Kritischer äußerte sich SPD-Fraktionsvize Achim Post: Lindners Pläne würden "hohe Einkommen besonders stark entlasten und sind damit sozial noch nicht ganz ausgewogen", erklärte Post. Die Grünen-Finanzexpertin Katharina Beck sagte den RND-Zeitungen: "Milliarden-Steuererleichterungen, von denen viel Verdienende absolut gesehen dreimal so stark profitieren wie weniger Verdienende - das ist nicht auf der Höhe der Zeit."
Unterstützung erhielt Lindner aus der Union. "Die Entlastungsvorschläge von Herrn Lindner sind zwar noch ausbaufähig, gehen aber in die richtige Richtung", sagte die wirtschaftspolitische Sprecherin der CDU/CSU-Bundestagsfraktion, Julia Klöckner (CDU), zu AFP. Der Ampel-Koalition warf sie Handlungsunfähigkeit in der Frage der kalten Progression vor.
Von den Sozialverbänden kam einhellige Kritik. VdK-Präsidentin Verena Bentele warf dem Finanzminister "völlig falsche Prioritäten" vor: "Aktuell ist es wichtiger, dafür zu sorgen, dass Rentnerinnen und Rentner im Winter nicht frieren, anstatt die kalte Progression auszugleichen."
Die Diakonie-Sozialexpertin Maria Loheide forderte "gezielte Zuschüsse" für Ärmere, "um das Inflationsloch zu schließen". SoVD-Präsident Adolf Bauer forderte in der "Neuen Osnabrücker Zeitung", Vermögende stärker heranzuziehen: "Auch wenn es Christian Lindner nicht hören möchte: Auch ganz klassische Verteilungsfragen müssen nun auf den Tisch."
Lindner räumte ein, dass Geringverdiener, die keine Steuern zahlen, nicht von einem Ausgleich der kalten Progression profitieren würden. Die Koalition werde sozial schwache Menschen aber gezielt durch das reformierte Wohngeld und das neue Bürgergeld entlasten - beide sollen zum Jahreswechsel eingeführt werden.

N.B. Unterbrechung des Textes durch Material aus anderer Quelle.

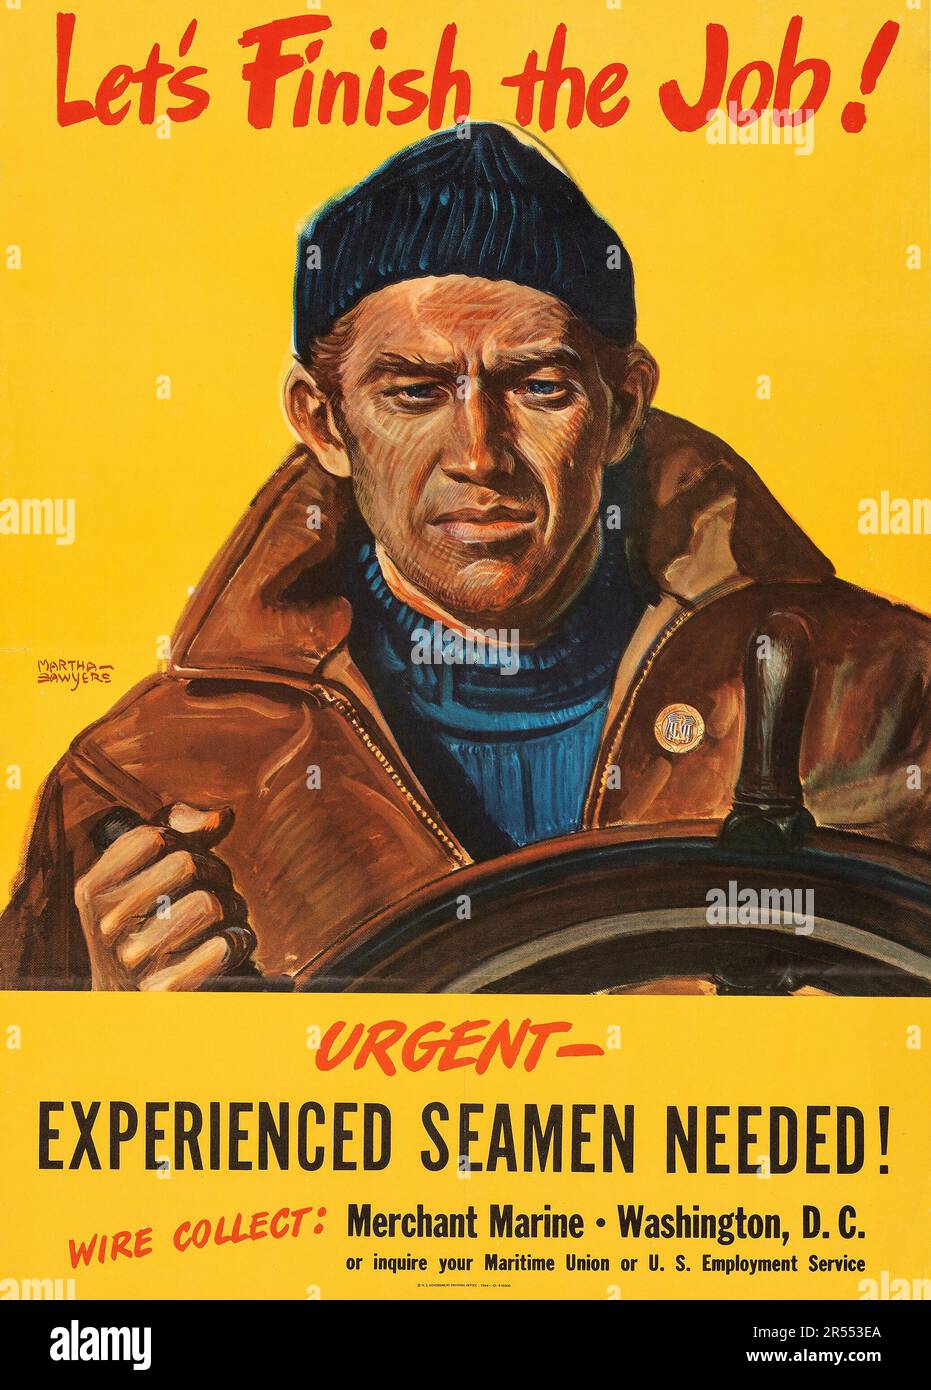 American World War II Propaganda (U.S. Government Printing Office, 1944) Recruitment Poster - 'Let's Finish the Job, Experienced Seamen Needed' Martha Sawyers Artwork Stock Photo

Unternehmensvertreter und Arbeitgeber schlossen sich Lindners Argumentation an und begrüßten die Pläne. Diese entlasteten "die Mitte unserer Gesellschaft, etwa Facharbeiterinnen und Facharbeiter", erklärte der Industrieverband BDI. Der Arbeitgeberverband BDA erklärte: "Zentral ist, dass den Arbeitnehmern am Ende mehr Geld bleibt: Arbeit muss sich lohnen, gerade auch in Zeiten des Arbeitnehmermangels."